Reputation: 251
I'm trying to match two tables where one of the tables stores multiple values as a string.
In the example below I need to classify each product ordered from the #Orders table with a #NewProduct.NewProductId.
The issue I'm having is sometimes we launch a new product like "Black Shirt", then later we launch an adaption to that product like "Black Shirt Vneck".
I need to match both changes correctly to the #Orders table. So if the order has Black and Shirt, but not Vneck, it's considered a "Black Shirt", but if the order has Black and Shirt and Vneck, it's considered a "Black Vneck Shirt."
The code below is an example - the current logic I'm using returns duplicates with the Left Join.
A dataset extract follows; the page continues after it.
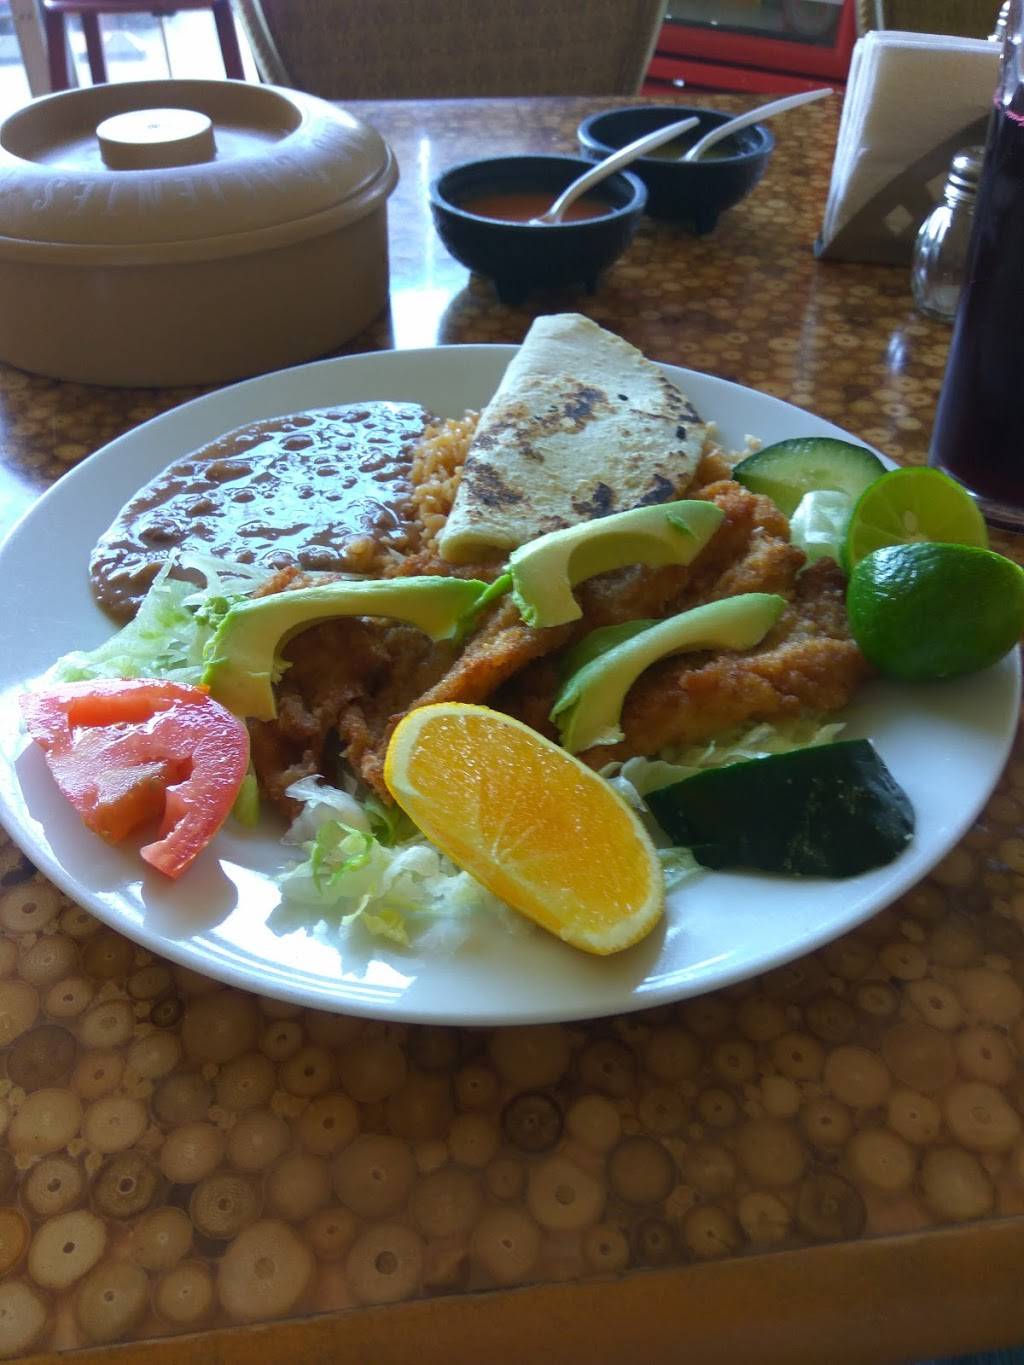 Restaurante Los Magueyes | Blvd. Diaz Ordaz 1668, Lomas de la Presa, 22125 Tijuana, B.C., Mexico | Phone: 664 645 9629

Also, assume we can modify the format of #NewProducts but not #Orders.
IF OBJECT_ID('tempdb.dbo.#NewProducts') IS NOT NULL DROP TABLE #NewProducts
CREATE TABLE #NewProducts
(
ProductType VARCHAR(MAX)
, Attribute_1 VARCHAR(MAX)
, Attribute_2 VARCHAR(MAX)
, NewProductId INT
)
INSERT #NewProducts
VALUES
('shirt', 'black', 'NULL', 1),
('shirt', 'black', 'vneck', 2),
('shirt', 'white', 'NULL', 3)
IF OBJECT_ID('tempdb.dbo.#Orders') IS NOT NULL DROP TABLE #Orders
CREATE TABLE #Orders
(
OrderId INT
, ProductType VARCHAR(MAX)
, Attributes VARCHAR(MAX)
)
INSERT #Orders
VALUES
(1, 'shirt', 'black small circleneck'),
(2, 'shirt', 'black large circleneck'),
(3, 'shirt', 'black small vneck'),
(4, 'shirt', 'black small vneck'),
(5, 'shirt', 'white large circleneck'),
(6, 'shirt', 'white small vneck')
SELECT *
FROM #Orders o
LEFT JOIN #NewProducts np
ON o.ProductType = np.ProductType
AND CHARINDEX(np.Attribute_1, o.Attributes) > 0
AND (
CHARINDEX(np.Attribute_2, o.Attributes) > 0
OR np.Attribute_2 = 'NULL'
)
Upvotes: 0
Views: 59
Reputation: 1269633
You seem to want the longest overlap:
SELECT *
FROM #Orders o OUTER APPLY
(SELECT Top (1) np.*
FROM #NewProducts np
WHERE o.ProductType = np.ProductType AND
CHARINDEX(np.Attribute_1, o.Attributes) > 0
ORDER BY ((CASE WHEN CHARINDEX(np.Attribute_1, o.Attributes) > 0 THEN 1 ELSE 0 END) +
(CASE WHEN CHARINDEX(np.Attribute_2, o.Attributes) > 0 THEN 1 ELSE 0 END)
) DESC
) np;
I can't say I'm thrilled with the need to do this. It seems like the Orders
should contain numeric ids that reference the actual product. However, I can see how something like this is sometimes necessary.
Upvotes: 1
Reputation: 2564
I couldn't get Gordon's answer to work, and was part way through my own response when his came in. His idea of taking the biggest overlap helped. I've tweaked your NewProducts
table, so that that side of things is "normalised" even if the Orders
table cannot be. Code below or at rextester.com/ERIF13021
create table #NewProduct
(
NewProductID int primary key,
ProductType varchar(max),
ProductName varchar(max)
)
create table #Attribute
(
AttributeID int primary key,
AttributeName varchar(max)
)
create table #ProductAttribute
(
NewProductID int,
AttributeID int
)
insert into #NewProduct
values (1, 'shirt', 'black shirt'),
(2, 'shirt', 'black vneck shirt'),
(3, 'shirt', 'white shirt')
insert into #Attribute
values (1, 'black'),
(2, 'white'),
(3, 'vneck')
insert into #ProductAttribute
values (1,1),
(2,1),
(2,3),
(3,2)
select top 1 with ties
*
from
(
select
o.OrderId,
p.NewProductID,
p.ProductType,
p.ProductName,
o.Attributes,
sum(case when charindex(a.AttributeName,o.Attributes)>0 then 1 else 0 end) as Matches
from
#Orders o
JOIN #Attribute a ON
charindex(a.AttributeName,o.Attributes)>0
JOIN #ProductAttribute pa ON
a.AttributeID = pa.AttributeID
JOIN #NewProduct p ON
pa.NewProductID = p.NewProductID AND
o.ProductType = p.ProductType
group by
o.OrderId,
p.NewProductID,
p.ProductType,
p.ProductName,
o.Attributes
) o2
order by
row_number() over (partition by o2.OrderID order by o2.Matches desc)
Upvotes: 0